On January 1, 2018, Mankayan Company purchased land with valuable natural ore deposits for
P10,000,000. The residual value of the land was P2,000,000. At the time of purchase, a geological
survey estimated a recoverable output of 4,000,000 tons.

Early in 2018, roads were constructed on the land to aid in the extraction and transportation of
the mined ore at a cost of P1,600,000. In 2018,500,000 tons were mined and sold.

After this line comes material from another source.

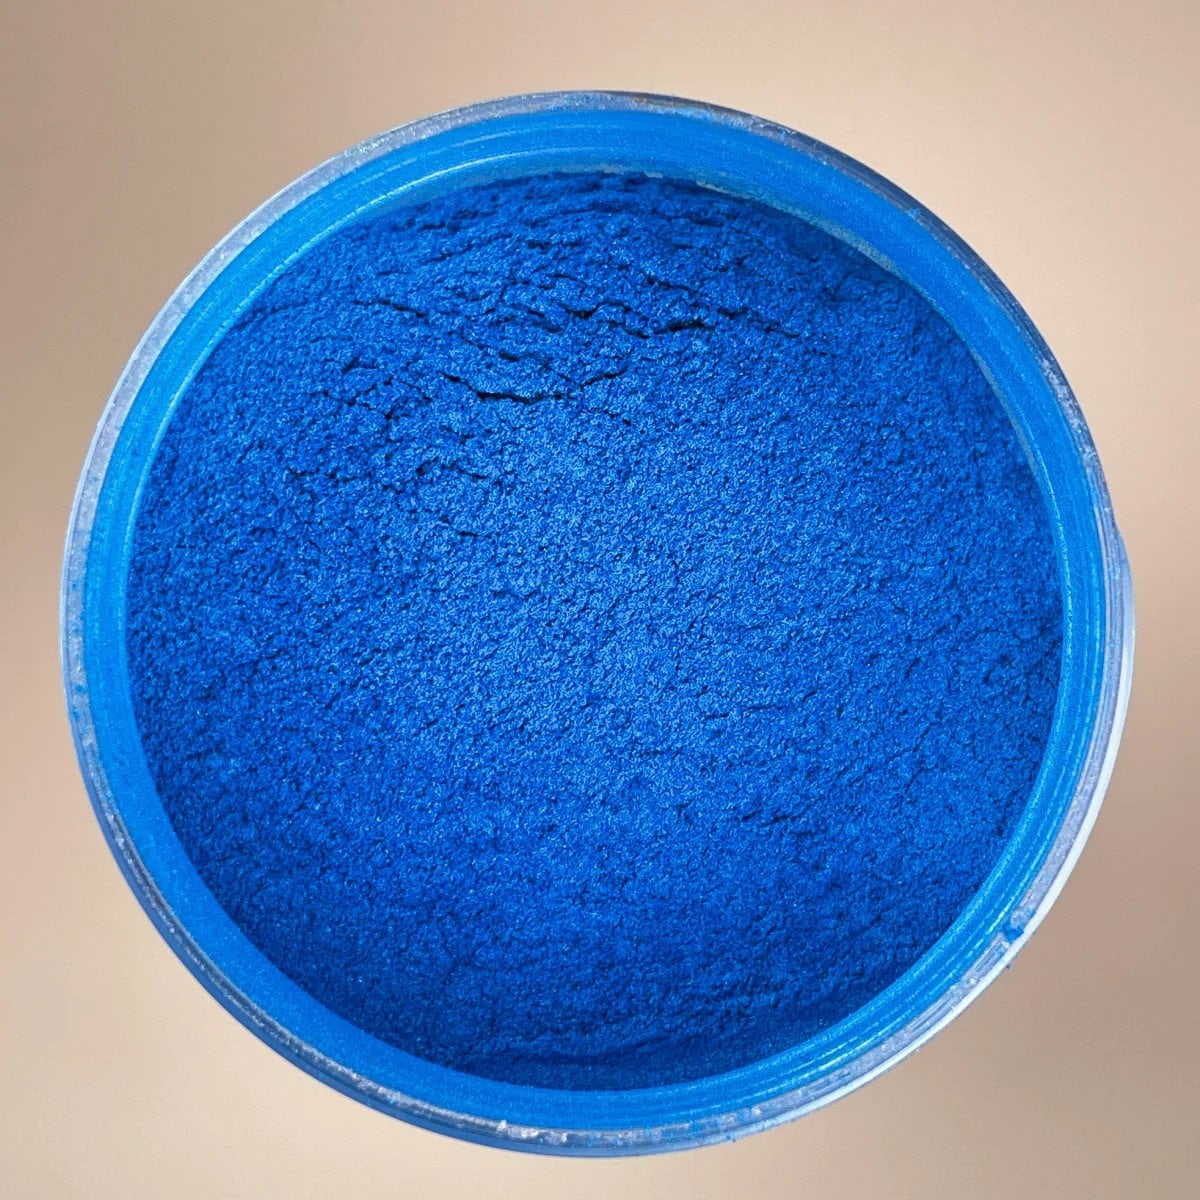 Mica Powder - Rainbow Blue - Mica Powder For Epoxy Resin, Candle Making, Soap Making, Makeup, Nail Art and Much More - TMResinsupplies

A new survey at the end of 2019 estimated 4,200,000 tons of ore available for mining. In
2019,800,000 tons were mined and sold.

1. What amount should be recognized as depletion for 2018?


a. 1,250,000
b. 1,200,000
c. 1,450,000
d. 1,000,000

2. What amount should be recognized as depletion for 2019?


a. 1,344,000
b. 1,920,000
c. 1,200,000
d. 1,600,000

Solution 59-1
Question 1 Answer b

Acquisition cost 10,000,000


Development cost 1,600,000
Total 11,600,000
Residual value of land (2,000,000)
Depletable amount 9,600,000

Rate per ton (9,600,000/4,000,000) 2.40


Depletion for 2018 (500,000 x 2.40) 1,200,000

Question 2 Answer a
Production in 2019 800,000
Estimated output - December 31, 2019 4,200,000
Total estimate – January 1, 2019 5,000,000

Depletable amount 9,600,000


Depletion for 2018 (1,200,000)
Remaining depletable amount 8,400,000

New rate in 2019 (8,400,000 / 5,000,000) 1.68

Depletion for 2019 (800,000 x 1.68) 1,344,000

A change in estimated output is a change in accounting estimate.

A change in accounting estimate should be accounted for currently and prospectively.

Problem 59-2 (IAA)


In 2015, Sunflower Company acquired a silver mine in Eastern Mindanao. Because the mine is
located deep in the Mindanao frontier, the entity was able to acquire the mine for the low price
of P50,000.

In 2016, the entity constructed a road to the silver mine costing P5,000,000. Improvements and
other development costs made in 2016 cost P750,000.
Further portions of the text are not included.